Si paragonavano le nozze dei principi a quelle fra Cristo e la Chiesa. Certe Madonne raffigurate nelle chiese avevano il volto delle amanti del signore locale. Le nozze mistiche dell’anima con lo sposo celeste venivano spesso narrate con i termini usati per i matrimoni dei borghesi. In un’opera del Quattrocento, Gesù, lo sposo, chiede al Padre di benedire la sua unione con la sposa – l’anima – una etiope. Dio esita, nonostante l’allusione al Cantico dei Cantici. Un angelo intercede, loda la sposa enumerandone le bellezze del corpo, una per una. Dio finirà per benedire le nozze.

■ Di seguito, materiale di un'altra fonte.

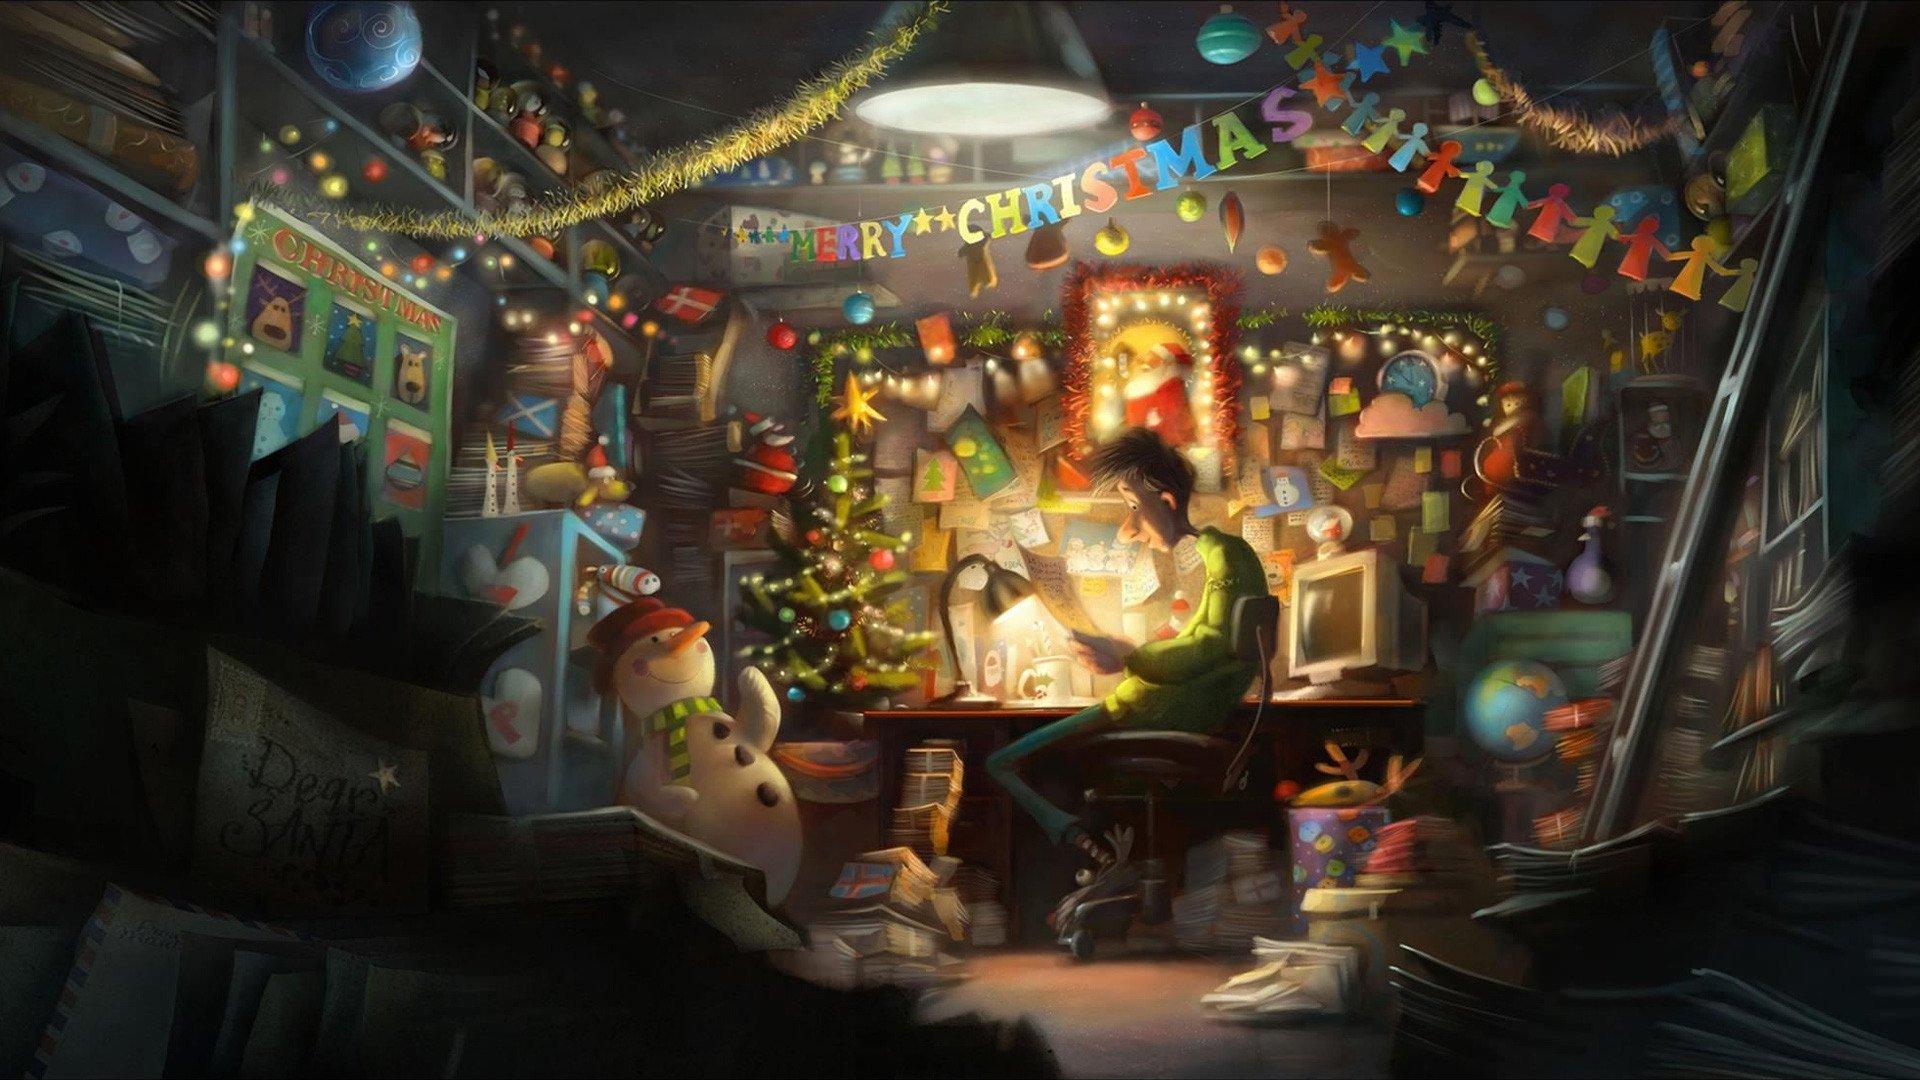 Arthur Christmas HD Wallpaper Background Image 1920x1080 ID 1920x1080

Una simile irruzione del profano nel sacro rese automatico il gesto svuotato dalla spiritualità, al quale si accompagnava una crescente indifferenza per i culti religiosi e per l’autorità della Chiesa.

Le chiese si svuotavano progressivamente e chi le frequentava se ne andava prima della fine della messa. Forse nascondevano un monito al popolo, i racconti dei chierici, ripresi dai predicatori, in cui le fate rivelavano la propria natura diabolica slanciandosi verso il soffitto della chiesa e sfondandolo, se richieste di assistere a tutta la messa?

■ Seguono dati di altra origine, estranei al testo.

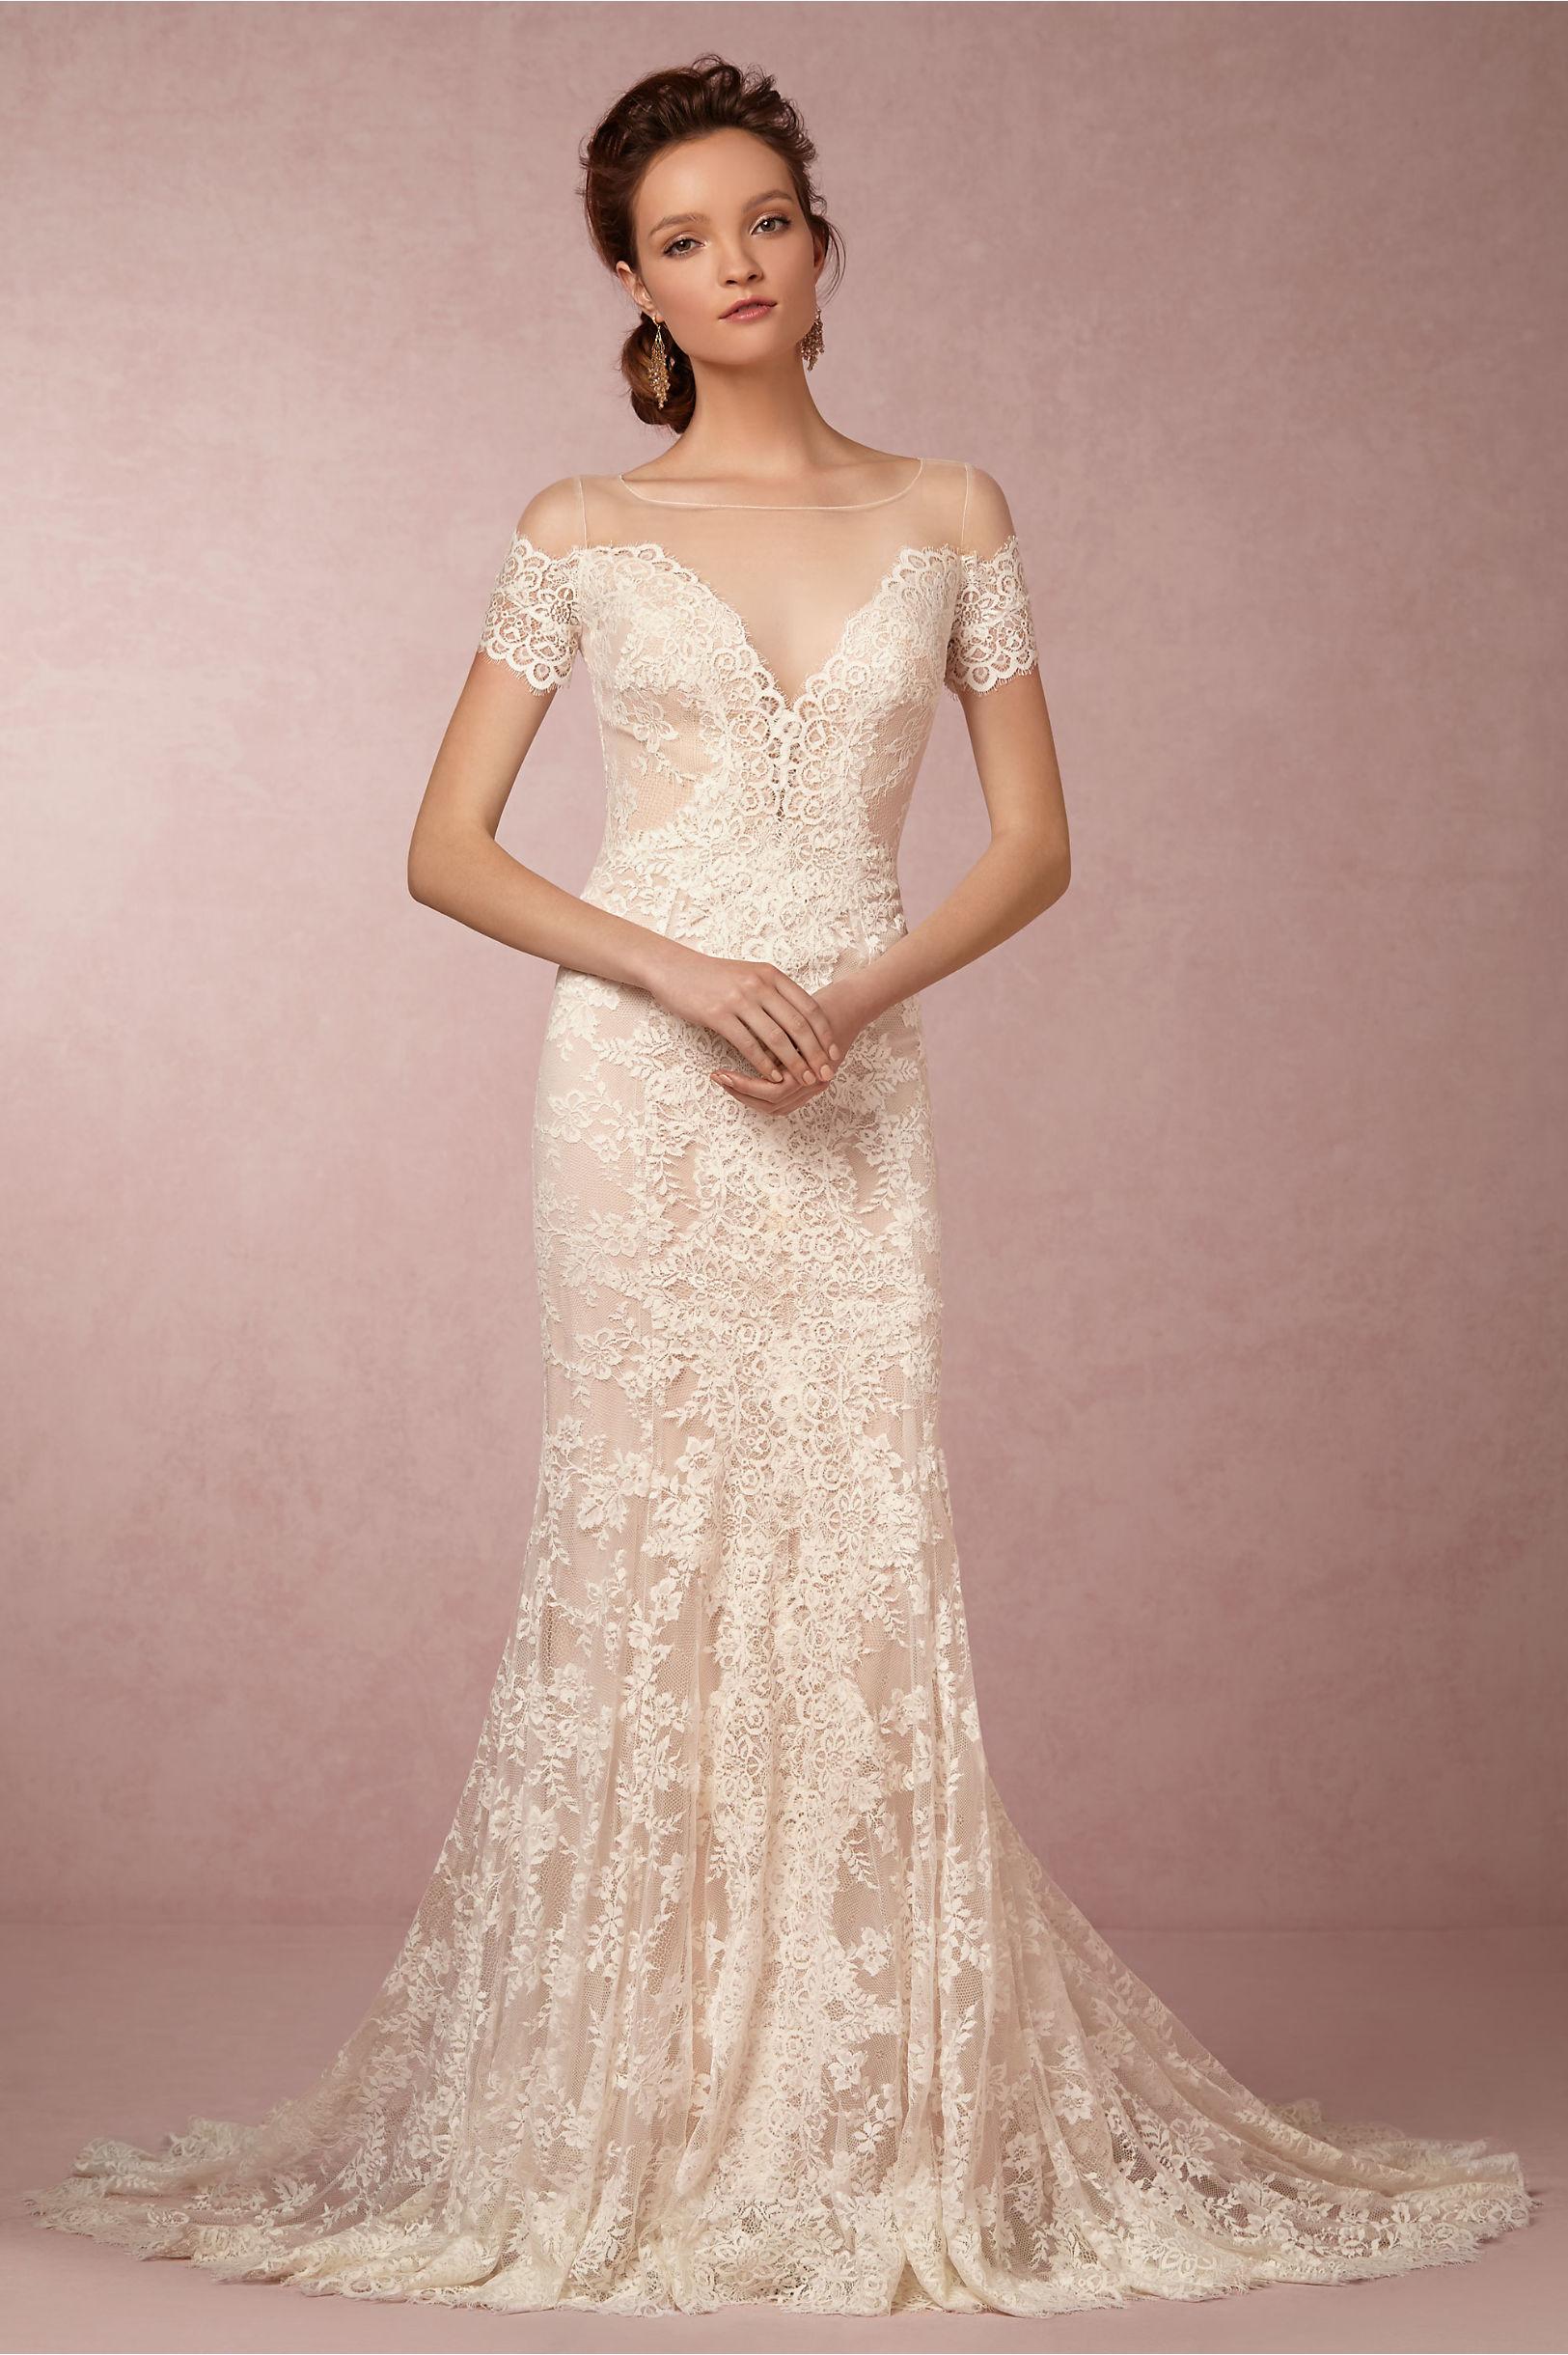 Wedding Dress Watters. Gallery Of Willowby By Watters Inez Low Back ...

Chi entrava in chiesa per la messa, si accontentava di un frettoloso segno della croce, di un bacio ai piedi di qualche statua della Madonna.

Le feste più sacre, compreso il Natale, erano occasione di bagordi e giochi d’azzardo a cui partecipavano anche i preti. Nella Strasburgo della fine del Medioevo, per un certo periodo il Consiglio della città si vide obbligato dal vescovo a distribuire 1.100 litri di vino all’anno per convincere la popolazione a frequentare la cattedrale partecipando così alla messa del santo patrono. La messa divenne uno degli appuntamenti più importanti della vita sociale, occasione per sfoggiare gli abiti migliori, per mettersi in vista; le donne esibivano abiti scollati, gli uomini armi e copricapi alla moda. Luogo di convegno, la chiesa veniva percorsa avanti e indietro, durante la messa, per incontrare conoscenti, soci in affari, amanti. Sguardi e biglietti venivano scambiati con disinvoltura, il “bacio della pace” diventava bacio sulla bocca impudico. Le prostitute si aggiravano cercando clienti.

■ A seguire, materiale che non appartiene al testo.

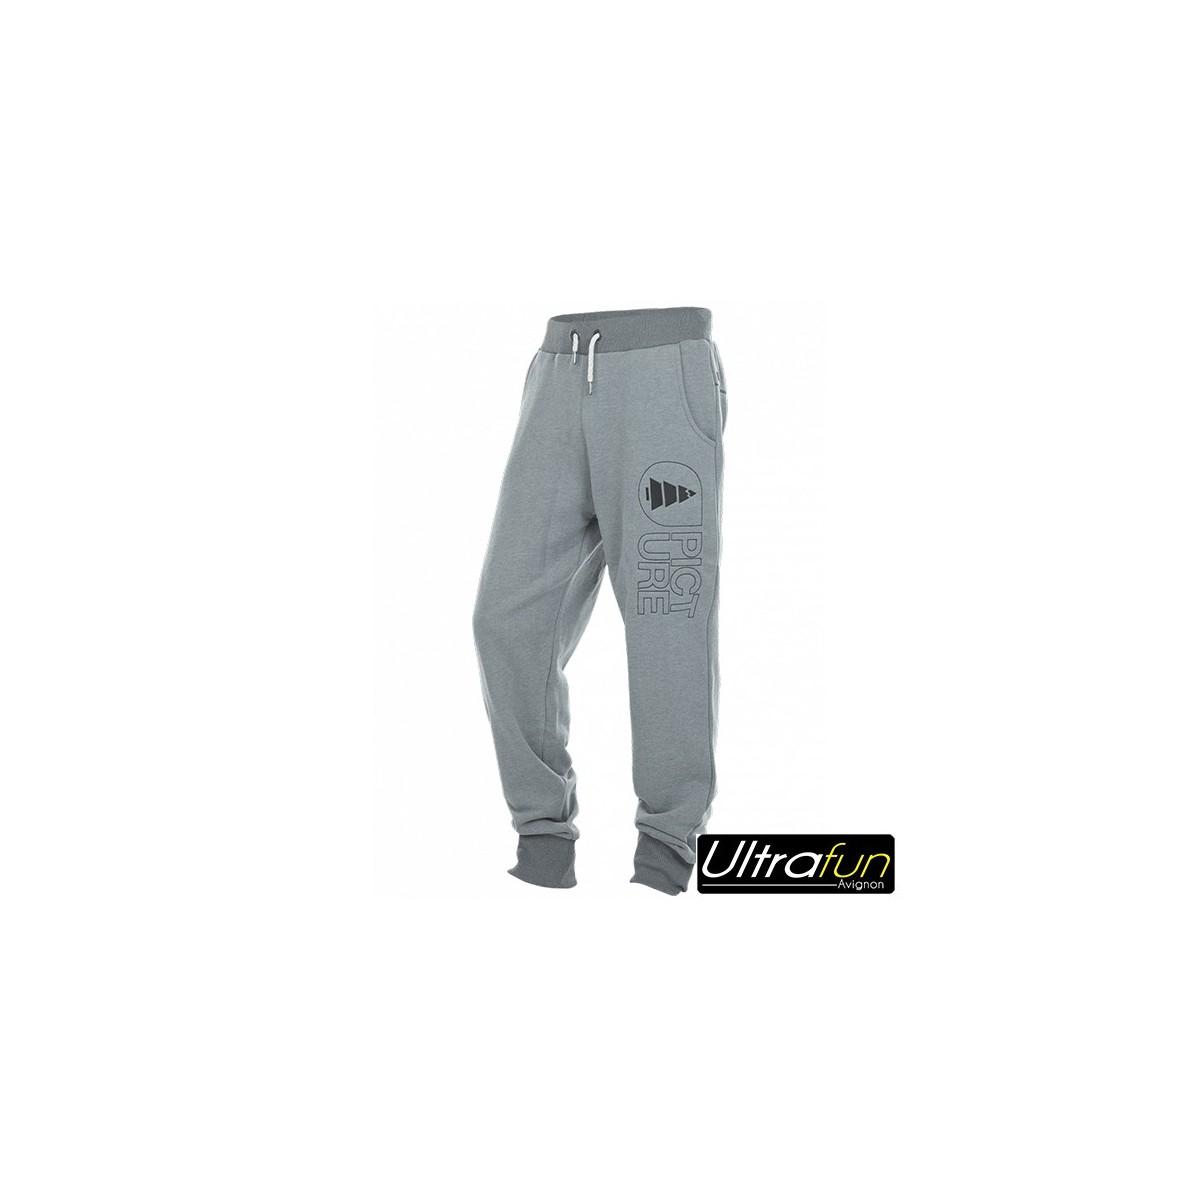 Gris Fun Picture Homme Jogging De Chill Ultra Pantalon wffvPq6X

Durante le feste, Natale compreso, si giocava a soldi buttando carte e dadi sui pavimenti istoriati da scritte latine, si bestemmiava quando la sorte voltava le spalle, e accadeva che si fornicasse negli angoli e sullo stesso altare. Si vendevano opuscoli con immagini oscene. Non pochi predicatori tentavano di sgolarsi dal pulpito per restituire al luogo santo la sua sacralità, inascoltati dal popolo, da prelati e nobili.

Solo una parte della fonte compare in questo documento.